Recently, simple, specialised carbon-based materials have been recognised world-over as easily available, cheaper alternatives to precious metal-based catalysts for a variety of reactions. Such carbon-based materials exhibit significantly high stability and eco-friendly performance. Of many carbon-based materials that are being explored for catalysis, the IIT Mandi team has chosen graphitic carbon nitride (GCN) as a metal-free catalyst for the chosen reaction due to its interesting chemical and physical properties.

“We synthesised heterogeneous catalysts by the chemical oxidation of graphitic carbon nitride (GCN) nanosheets, which results in the generation of water-loving (hydrophilic) carboxyl, hydroxyl and ketonic groups over the GCN surface”, explains Dr. Krishnan. These hydrophilic groups are the active reaction sites for the hydrogenation process. Nanosheets are tiny sheets of the material, a hundred thousand times thinner than a single human hair; at such scales, the surface area on which the reaction can occur is large. In addition to the nanodimension, the functional groups on the surface of the oxidised nanosheets were found to be excellent sites for the hydrogen transfer reactions.

The team investigated a wide range of precursors for the hydrogen transfer reactions using 2-propanol both as a hydrogen donor and a solvent. The nanosheets resulted in high yields and high turnover numbers demonstrating the versatile catalytic potential of the as-synthesised catalyst.

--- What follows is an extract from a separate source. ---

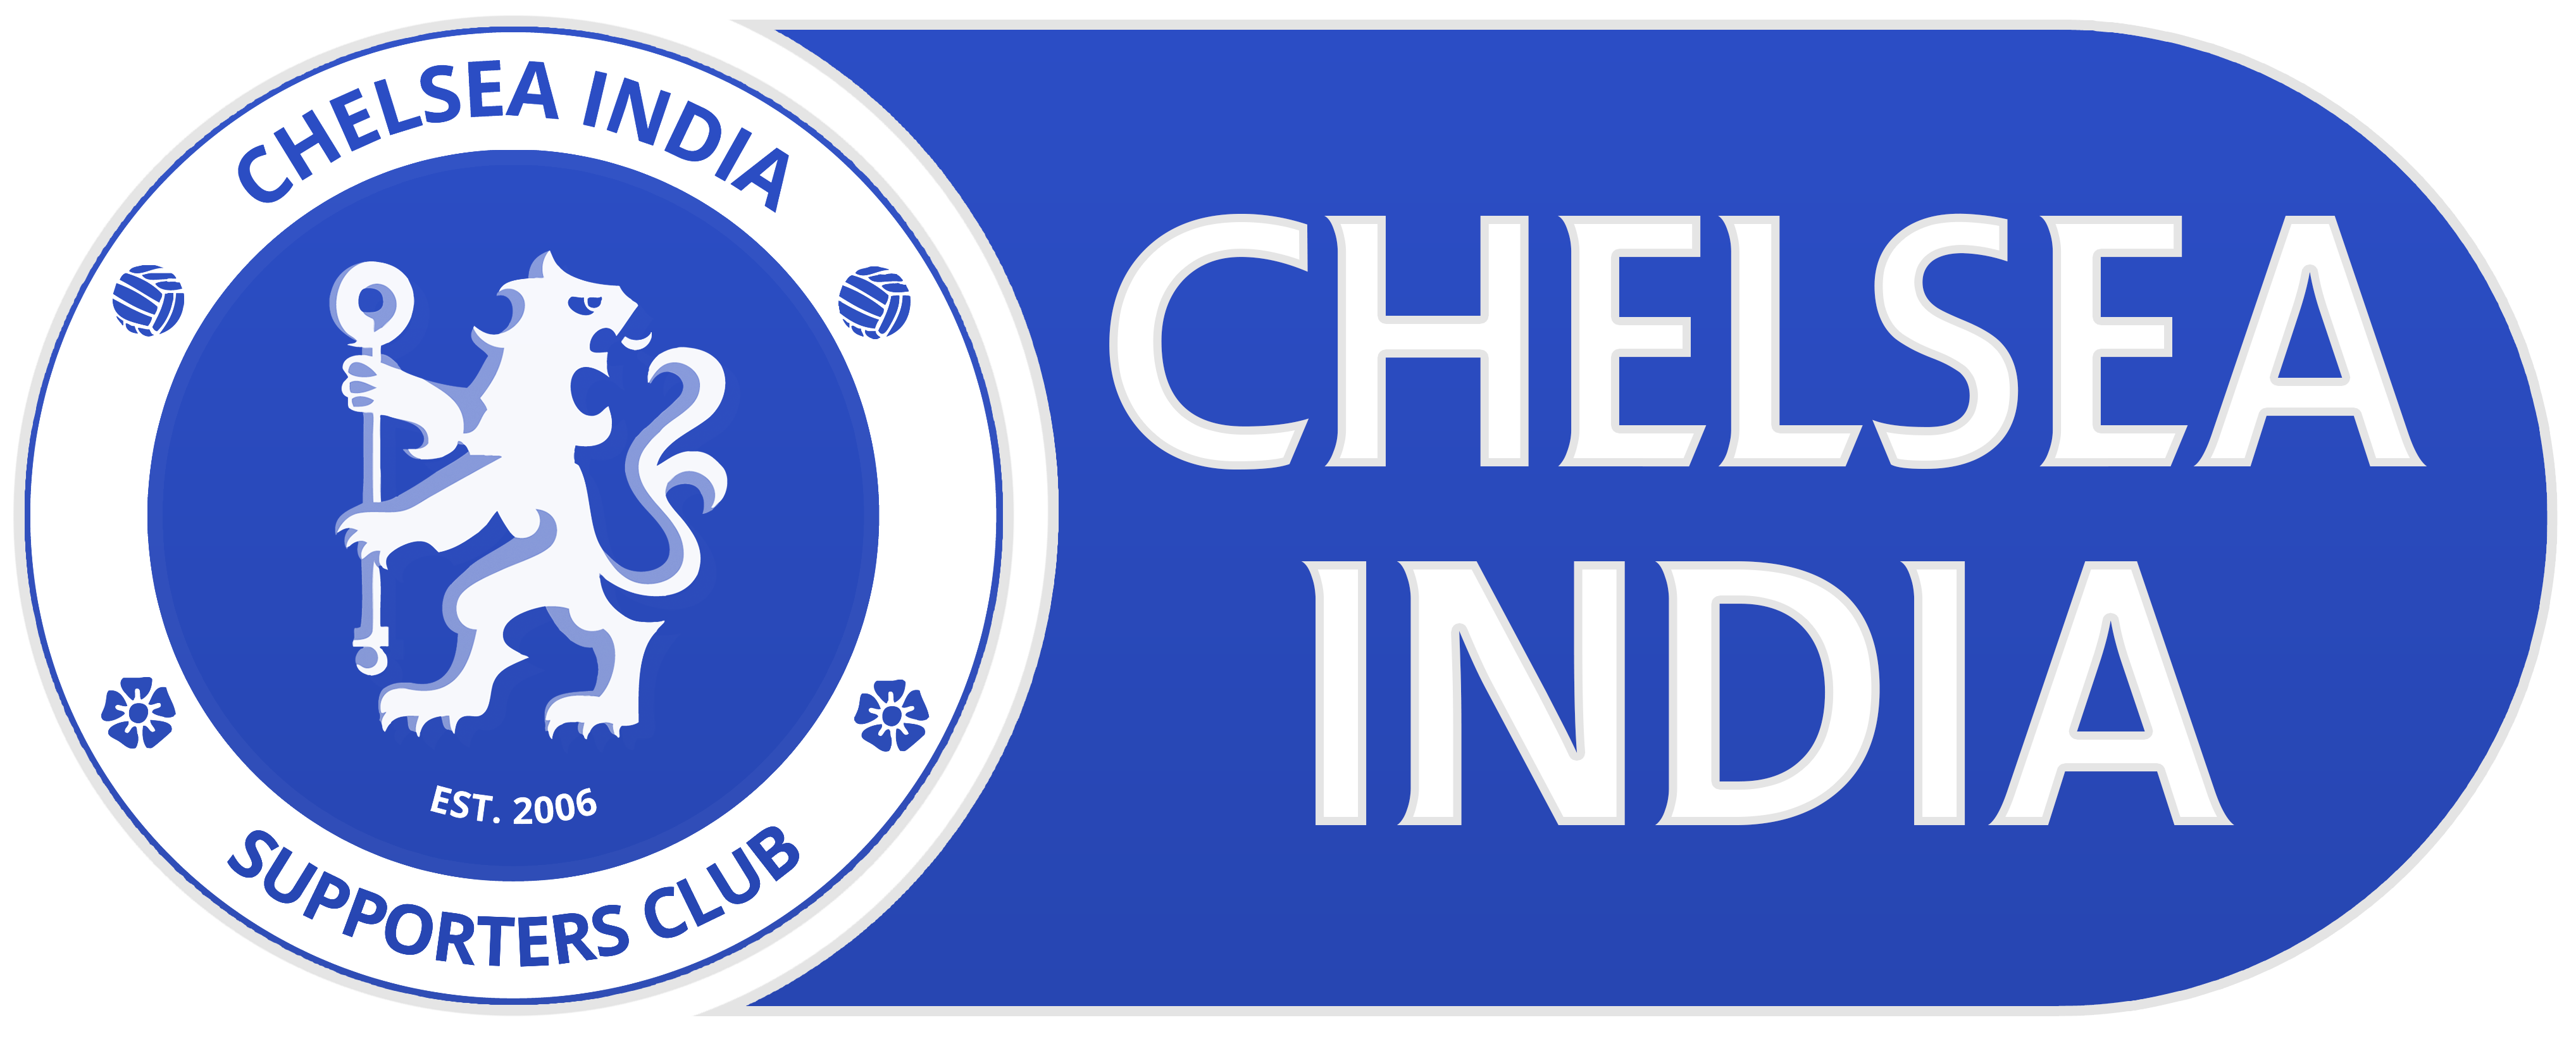 logo chelsea, home chelsea india supporters club 28392

In addition to showing good catalytic prowess of their catalyst in hydrogenation reactions, the team also optimised the reaction parameters and calculated green metric parameters. “An added advantage of our catalyst is that it could be easily recovered and reused for several runs without any loss in catalytic activity”. This property adds to the cost-efficiency and environmental benefits of the reaction. The developed protocol provides a greener, safer and cost effective approach for large scale applications in the production of the industrially relevant products.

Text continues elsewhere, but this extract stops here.